Venticinque misure cautelari L’operazione ha portato a 18 divieti di dimora e sei misure interdittive del divieto di esercitare l’impresa e la professione. A Sandra Lonardo è stata vietata la dimora in tutta la regione e nelle province di Latina, Frosinone, Isernia, Campobasso, Foggia e Potenza. Per notificare il provvedimento i carabinieri sono andati in casa dei Mastella, a Ceppaloni.

Gli indagati Oltre a Mastella e alla moglie nell'inchiesta sono coinvolti anche il consuocero di Mastella, Carlo Camilleri, che è anche segretario generale dell’Autorità di Bacino sinistra Sele, l’ex direttore dell’Agenzia regionale per la protezione dell’ambiente della Campagnia (Arpac), Luciano Capobianco, e il consigliere regionale dell’Udeur Campania, Nicola Ferraro.

Mastella L’europarlamentare, così come una dozzina di altri indagati, si vedrà notificare il provvedimento di "chiusura delle indagini" non appena rientrerà da Strasburgo in Italia. Secondo quanto si è appreso, Mastella arriverà a Roma nel pomeriggio. A Roma si sta recando anche la moglie, "espulsa" dalla Campania. Stralciata la poisizione dell'eurodeputato perché si attende l’autorizzazione a procedere da parte di Strasburgo, così come per l’inchiesta precedente ora davanti al gup, la Consulta deve esprimere un parere sull’uso delle intercettazioni indirette sul suo telefono cellulare.

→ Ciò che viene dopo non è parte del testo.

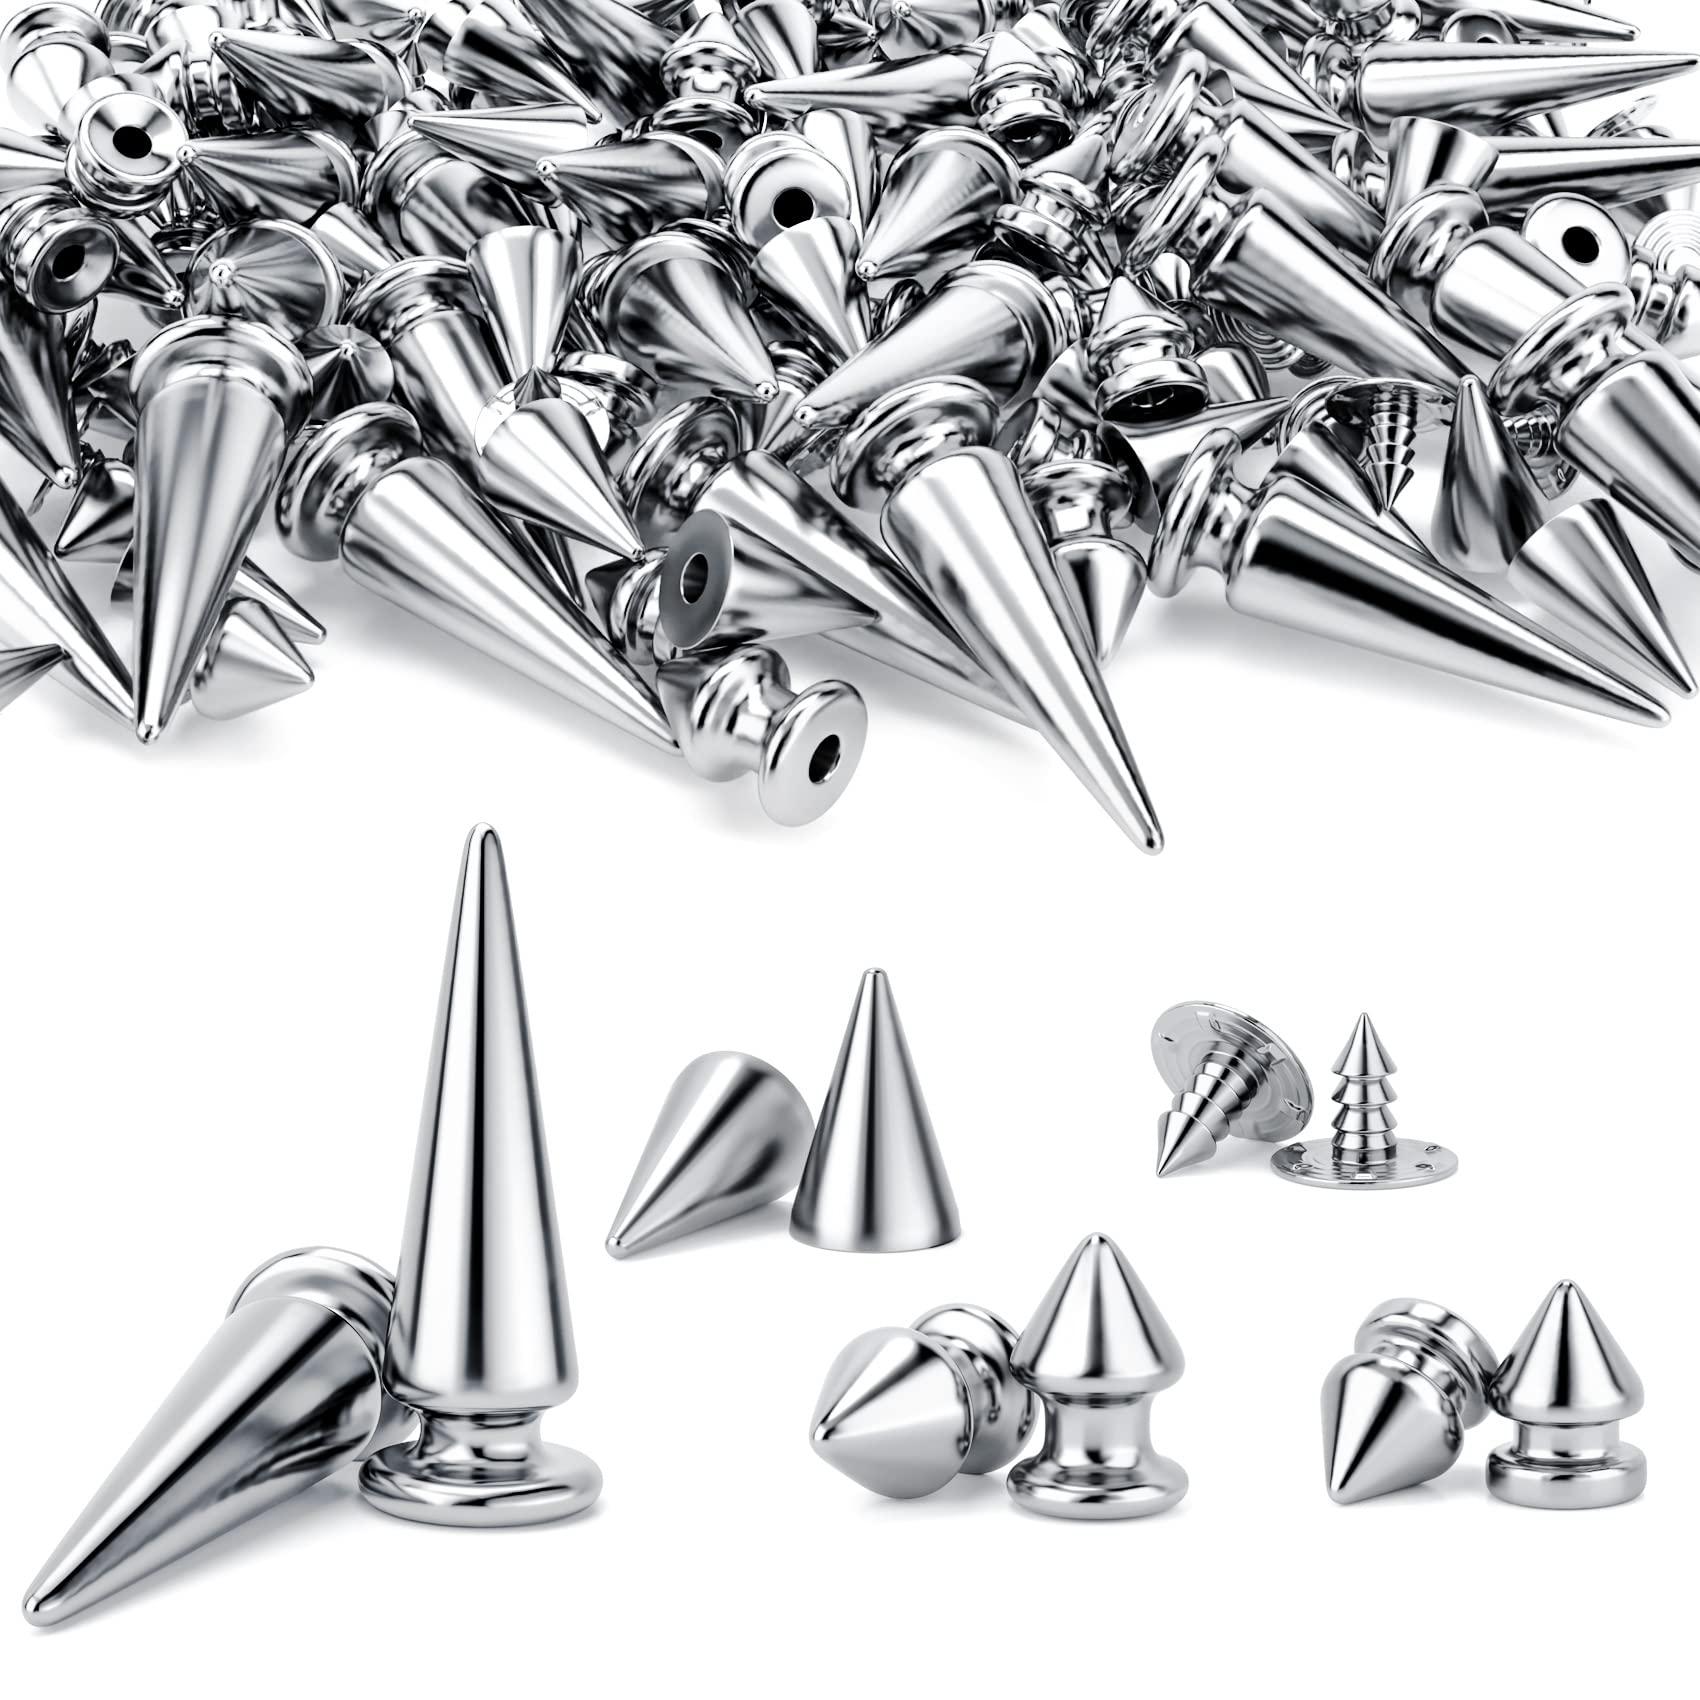 OIIKI 500PCS Silver ABS Bullet Spike Cone Studs Assorted Sizes
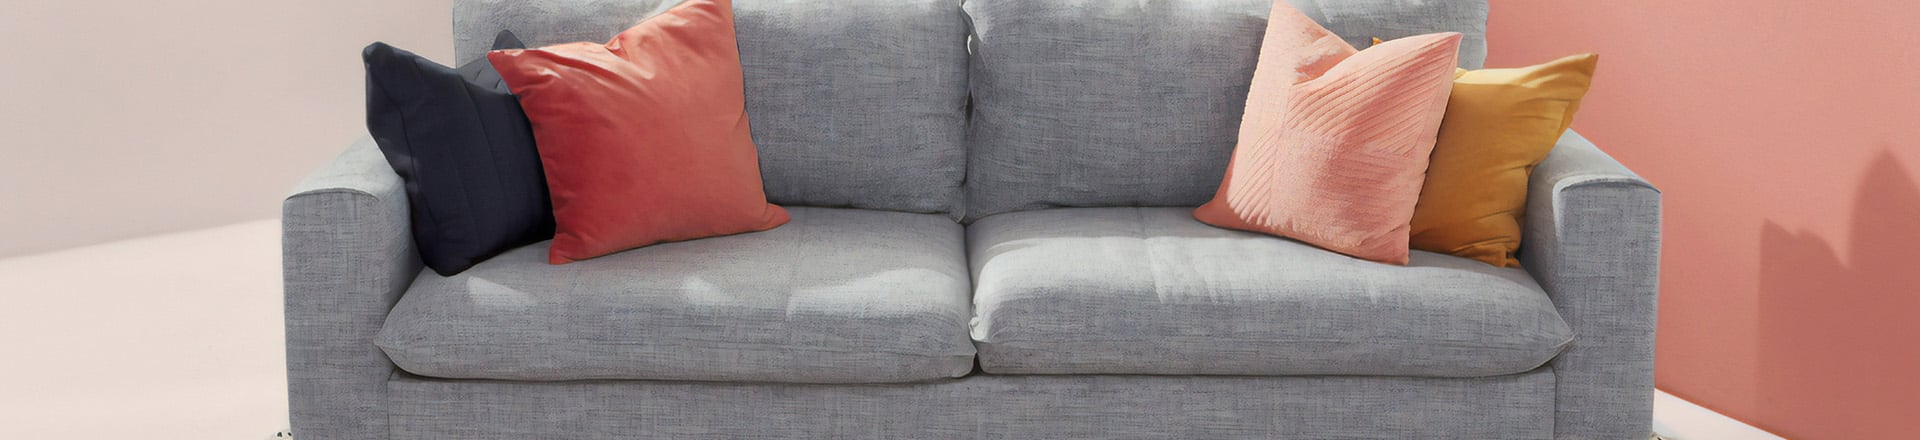 11How to Clean Upholstery?

Nel mirino l'Arpac Il filone dell’indagine riguarda l’Arpac. In particolare, gli uomini dei carabinieri e della guardia di finanza hanno accertato, tra l’altro, l’esistenza di un’associazione a delinquere finalizzata alla commissione di una serie di truffe, falsi, abusi di ufficio, turbative d’asta e concussioni commessi nell’ambito della gestione di appalti pubblici, concorsi finalizzati all’assunzione di personale e affidamento di incarichi professionali nella pubblica amministrazione.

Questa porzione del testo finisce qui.